On ne crée sûrement pas de fractures diplomatiques à cause de quelques amendes. Mais si aux amendes suivent des fractures de bras et que l’on croit résoudre des questions de cohabitation et de respect des lois d’une façon vexatoire voilà que, comme pour les fiers petits Chinois de la via Paolo Sarpi, on fomente l’idée de persécutions personnalisées. Les commerçants et les entrepreneurs chinois ne plaisent pas aux commerçants et aux entrepreneurs italiens, parce qu’ils travaillent pour eux-mêmes en exaspérant – même en dépit des règles – les principes du capital. Des principes basés sur le super travail et la super exploitation, sur les arnaques de la clientèle et, disons-le, sur de petites et grandes escroqueries. Précisément comme les Occidentaux et peut-être plus. Marco Polo l’avait appris il y a désormais huit siècles.
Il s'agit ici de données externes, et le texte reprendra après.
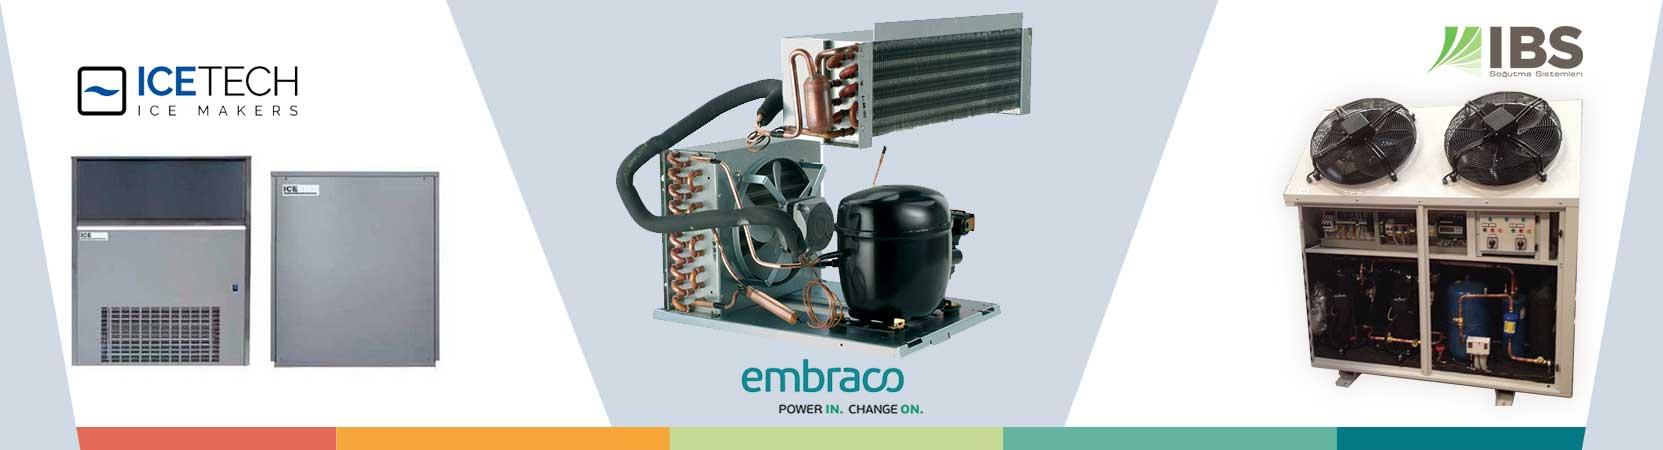 Пълен асортимент от <strong>резервни части, хладилни и климатични компресори, <br>медни тръби, инструменти и консумативи</strong>

Et alors, Madame Moratti, pourquoi s’acharner contre les chargements et les déchargements irréguliers des marchandises via Paolo Sarpi si via Montenapoleone aussi on décharge en dehors des horaires et sans acquit-à-caution ? Nous ne voulons sûrement pas exalter l’illégalité, les lois doivent être respectées, mais par tout le monde. « Aucune zone franche » dit le maire, aucune pour personne, que ce soient des Chinois ou des Milanais. C’est ce que réclamaient les gars orientaux à l’accent désormais lombard qui poursuivent depuis des années la logique du profit dans ce coin de la ville, grâce aussi aux licences concédées à foison par ce supporter du Milan qui vend qu’a été le maire précédent, Albertini.

Du vendez et multipliez-vous d’Albertini et de Formentini, en se limitant aux maires des trois derniers lustres, on passe à la régulation forcée et force italique où, derrière le masque des devoirs d’autrui, la xénophobie et la sinophobie se poursuivent rageusement. Par-dessus le marché – l’affaire n’est pas terminée du tout et la cendre peut couver longtemps sous le feu si les gouvernants les plus sensés ne décident pas à se réveiller de leur torpeur – les marchands de Chinatown agitaient des drapeaux rouges, un cauchemar pour le boutiquier de chez nous et pour sa représentation administrative de service. Ils chantaient l’hymne maoïste (« Chinois, levez-vous »), mais dans la version capitaliste imposée par Deng il y a des décennies qui n’a rien de communiste et ne conjugue que la marchandise et l’argent avec la nation. Une nation de 1 milliard et 350 millions d’habitants voulant s’enrichir. Et cela, de Wall Street à Milan, fait plus peur que le communisme.